Murmur3Hash¶
Murmur3Hash
is a HashExpression to calculate the hash code (integer) of the given child expressions.
Creating Instance¶
Murmur3Hash
takes the following to be created:
- Child Expressions
- Seed (default:
42
)
Murmur3Hash
is created when:
HashPartitioning
is requested for the partitionId expression- hash standard and SQL functions are used
Demo¶
val data = Seq[Option[Int]](Some(0), None, None, None, Some(4), None)
.toDF
.withColumn("hash", hash('value))
scala> data.show
+-----+----------+
|value| hash|
+-----+----------+
| 0| 933211791|
| null| 42|
| null| 42|
| null| 42|
| 4|-397064898|
| null| 42|
+-----+----------+
scala> data.printSchema
root
|-- value: integer (nullable = true)
|-- hash: integer (nullable = false)
val defaultSeed = 42
val nonEmptyPartitions = data
.repartition(numPartitions = defaultSeed, partitionExprs = 'value)
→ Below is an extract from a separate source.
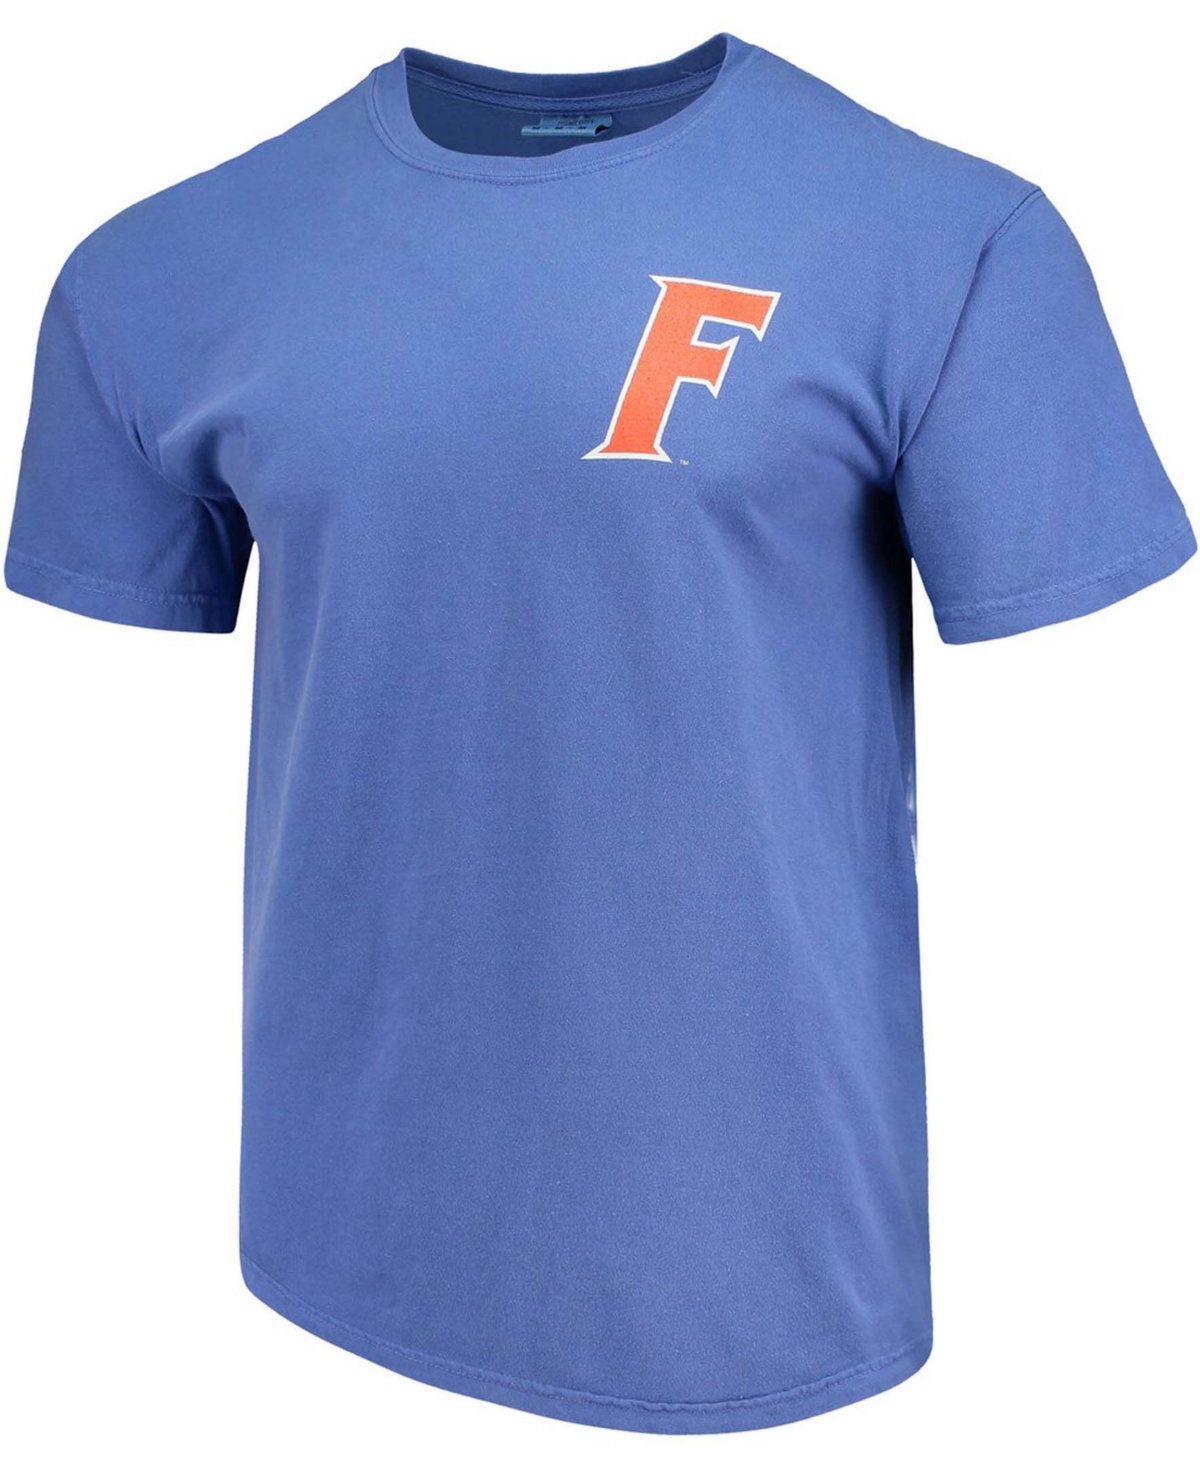 Men's Royal Florida Gators Baseball Flag Comfort Colors T-shirt - Royal

.mapPartitions { it: Iterator[org.apache.spark.sql.Row] =>
import org.apache.spark.TaskContext
val ns = it.map(_.get(0)).mkString(",")
Iterator((TaskContext.getPartitionId, ns))
}
.as[(Long, String)]
.collect
.filterNot { case (pid, ns) => ns.isEmpty }
nonEmptyPartitions.foreach { case (pid, ns) => printf("%2s: %s%n", pid, ns) }
0: null,null,null,null
25: 0
32: 4